1/. Осажденные lgY антитела были повторно суспендированы к 10 мМ MES pH 5,6, затем подвергнуты диализу в течение ночи при 4°С против того же самого буфера. Образец был затем помещен в 1,5×20 см колонку, содержащую 40 μм АВХ смешанной кремниевой смолы /Дж.Т.Бейкер/. Протокол последующей очистки был аналогичен описанному для асцитной жидкости.

2/. Альтернативно, осадок, содержащий lgY, был повторно суспендирован в начальном буфере и затем вновь осажден с использованием насыщенного сульфата аммония /3:1 V/V/.

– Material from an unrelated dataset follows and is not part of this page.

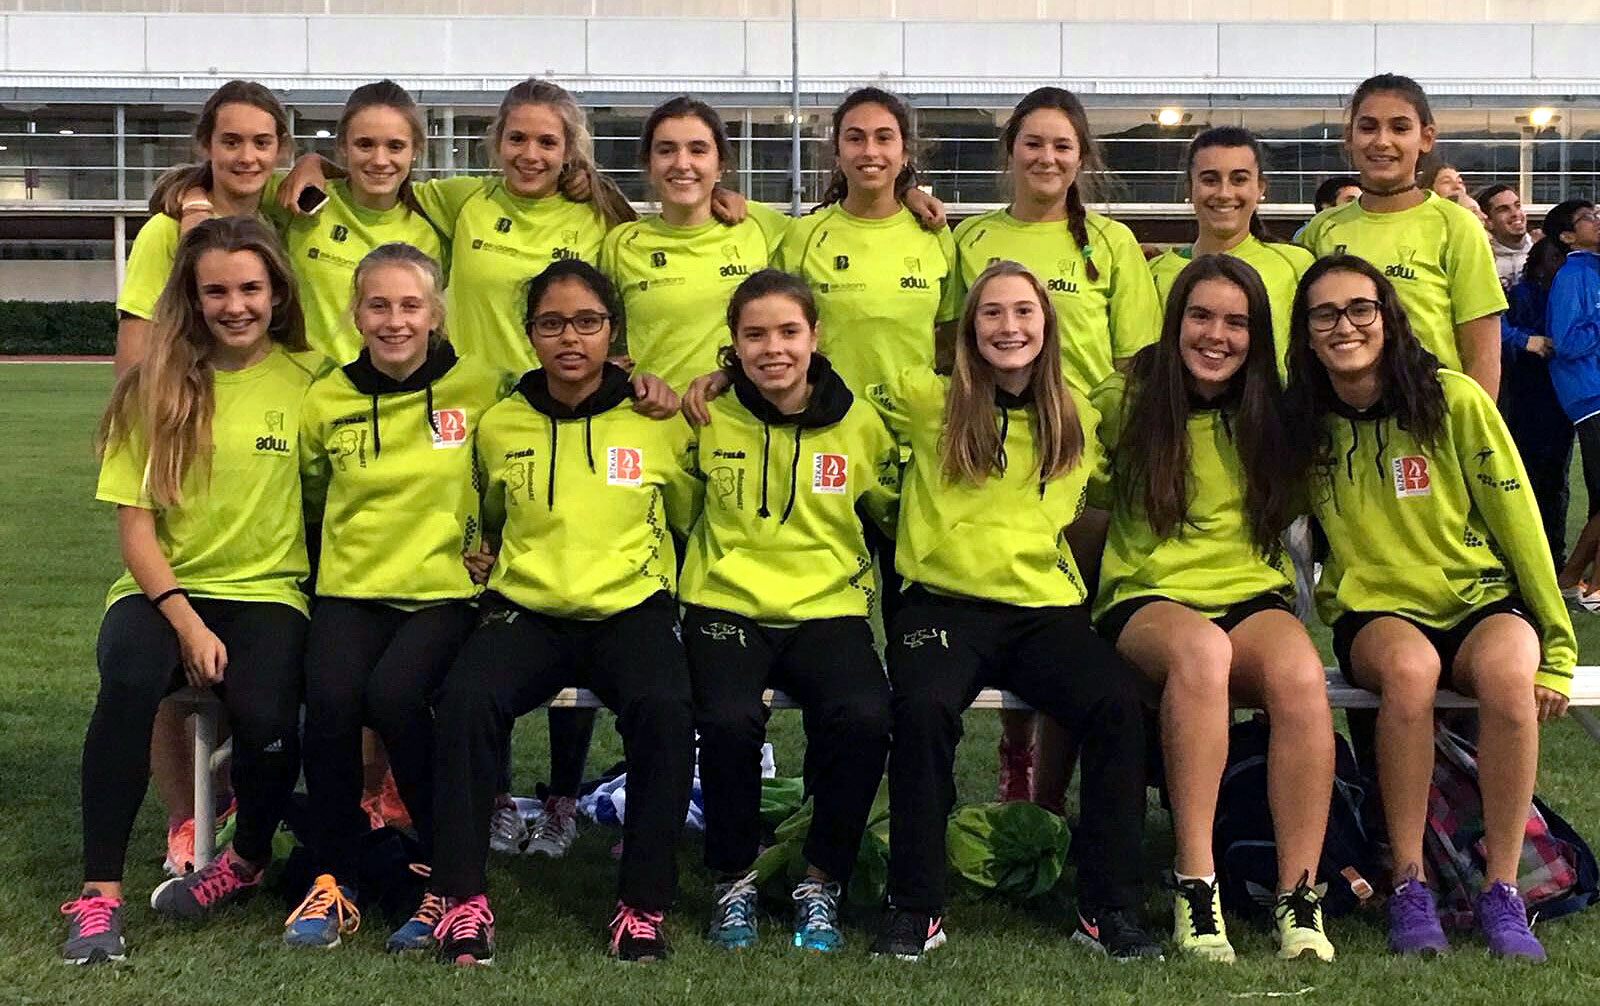 El Bidezabal cierra su participación en el Campeonato de España cadete femenino como primer club vasco

Осадок, содержащий lgY, был повторно суспендирован в небольшом объеме дистиллированной Н2О и помещен на хранение при 4°С до дальнейшего использования. Процедура иммобилизации для lgY цыплят описана в примере 10.

Пример 7

Изоляция последовательности ДНК, кодирующей пик III α-амидирующего фермента

Приготовление РНК:

Тотальная РНК была приготовлена из ткани мозговидной карциномы щитовидной железы крысы с использованием гуанидин-тиоцианатной процедуры. Поли А+ РНК была выделена с помощью олиго d Т целлюлозы.

Синтез кДНК:

Двунитевая кДНК были приготовлена при помощи хорошо известных методов. Используя поли А РНК из ткани мозговидной карциномы щитовидной железы крысы в качестве матрицы и олиго dТ12-18 в качестве затравки, синтез первой нити был осуществлен ферментивной реакцией с обратной транскриптазой. кДНК и РНК были отделены и РНК разрушена с помощью щелочи. Синтез второй нити кДНК был самозатравлен с использованием ДНК полимеразы 1 E.coli. Переваривание нуклеазой S1 было использовано для удаления шпилечных петель в кДНК и для расщепления любых однонитевых областей кДНК. После реакции с ДНК полимеразой 1 для получения способствующих росту концов на кДНК, двунитевая кДНК была обработана метилазой EcoRI и S-аденозилметионином для метилирования сайтов EcoRI и защиты их от последующего ферментного расщепления. Линкеры ЕсоRI были лигированы к кДНК. Вслед за перевариванием ЕсоRI избыточные линкеры были удалены и кДНК была фракционирована по размеру на колонке с Сефарозой 4В. В результате первого синтеза были собраны молекулы размером более чем 500 п.о, в то время как во втором были объединены для клонирования молекулы размером более чем 1000 пар оснований.

Конструирование библиотеки кДНК λgtll:

Вслед за синтезом двойной спирали кДНК с адаптированными связями молекулы были использованы для создания библиотек кДНК в векторе λgt ll. Это было осуществлено посредством лигирования кДНК с ДНК λgt ll, которая была расщеплена EcoRI и обработана фосфатом для предотвращения самолигирования вектора ДНК. Вслед за лигированием ДНК, рекомбинантные ДНК были упакованы in vitro для образования частиц инфекционного бактериофага. (Экстракты для упаковки имеются в виде промышленных препаратов лабораторий Библиотек или Клонтекс или могут быть приготовлены стандартными методами).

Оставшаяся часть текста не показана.